# should we fix the problems with our loft or just trash it? (w/pix)



## Squeaker (Aug 9, 2012)

the first pic is our loft. the second and third pix are the shed that we can use but really would prefer to make our loft work. we need some opinions, should we fix the problems with our loft or use the shed?

in order for us to make our loft work, we need to:

make the doors smaller
build outdoor aviary in the back of the loft
make some better perches out of 1x4
cut some ply wood so we can block the doors in bad weather
install bob trap instead of belgium drop trap because they learned how to get out of it over night.
(and probably some other things)

if possible, we would REALLY like to make this loft work because we are going to try to get into white dove releases with our white homers. this loft was designed so that it would look nice when people came to see our birds. there are some serious flaws in it and they need to be fixed.

we also have a shed that we could use but it needs a false ceilling, a look out, nesting boxes, a trap door and perches.
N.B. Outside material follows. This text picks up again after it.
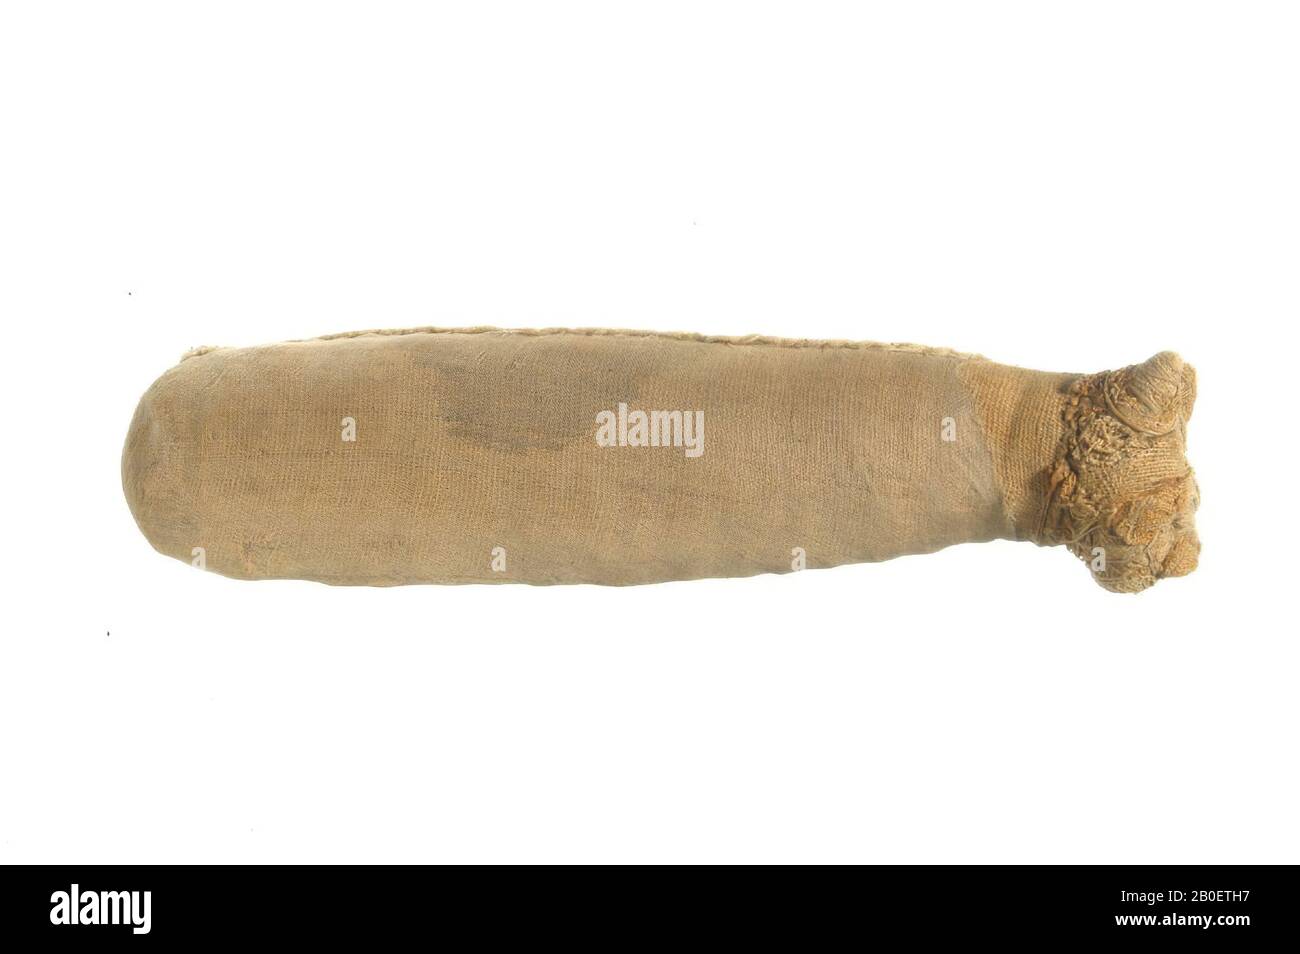 cat, Cat mummy with cylindrical body and naturalistic head. The animal's body has been wrapped in a single sheet or medium-fine linen (warp-faced tabby, about 13 x 32 threads Stock Photo

we started out with 15 birds. i let one out accidentally but it stayed here and got attacked by a hawk. hes currently recouperating but he should make it. then my boyfriend let one out while we were trap training. that one cicled a few times then flew directly toward his loft where he was hatched 2 miles away. then 3 more birds figured out how to get out of the trap last night or early this morning. one is still in the area and the other 2 we think flew home. i think some of our birds were a little too old, but the guy said he will replace them with some younger ones. now we have 11 birds in our posession, but i dont know if one of them will ever fly again... so really, we have 10, but who knows how many of those will fly home like the other 3 did.

if we need to not use our loft, maybe we can use it as a breeding loft for just a couple pairs and just grow our own flock to avoid these issues with birds being too old and put the babies in the shed when they are old enough. this is of course if we can convince our current birds to pair up. but of course this will be much harder to train all of them if theyre different ages.... i feel like we are in such a mess right now and im not sure how to get out of it


----------



## horseart4u (Jun 16, 2011)

I'D say make them both work for you. use one for breeders one for the young. you can easly make that shed ( garage ) into a breeding loft, just clean it out, add nest boxes, perches and put doors with hardware cloth on it on the inside so you can still close the door on it now in bad weather. the loft you have now just add the trap, perches and small aviary if you want to, it has open front already.


----------



## Chocolate Head (May 18, 2009)

Your loft seems fine, depending on how many birds you want. You could section off what you have for breeders/prisoners and for some yb's, but you wont be able to have too many. However, depending on what your long term goals are as a pigeon fancier, you many need to work on the shed. Regardless, I think you should abandon the poles you have in your existing loft and build some better perches. Your birds will be a lot happier and are less likely to get injured.


----------



## Squeaker (Aug 9, 2012)

Chocolate Head said:


> Your loft seems fine, depending on how many birds you want. You could section off what you have for breeders/prisoners and for some yb's, but you wont be able to have too many. However, depending on what your long term goals are as a pigeon fancier, you many need to work on the shed. Regardless, I think you should abandon the poles you have in your existing loft and build some better perches. Your birds will be a lot happier and are less likely to get injured.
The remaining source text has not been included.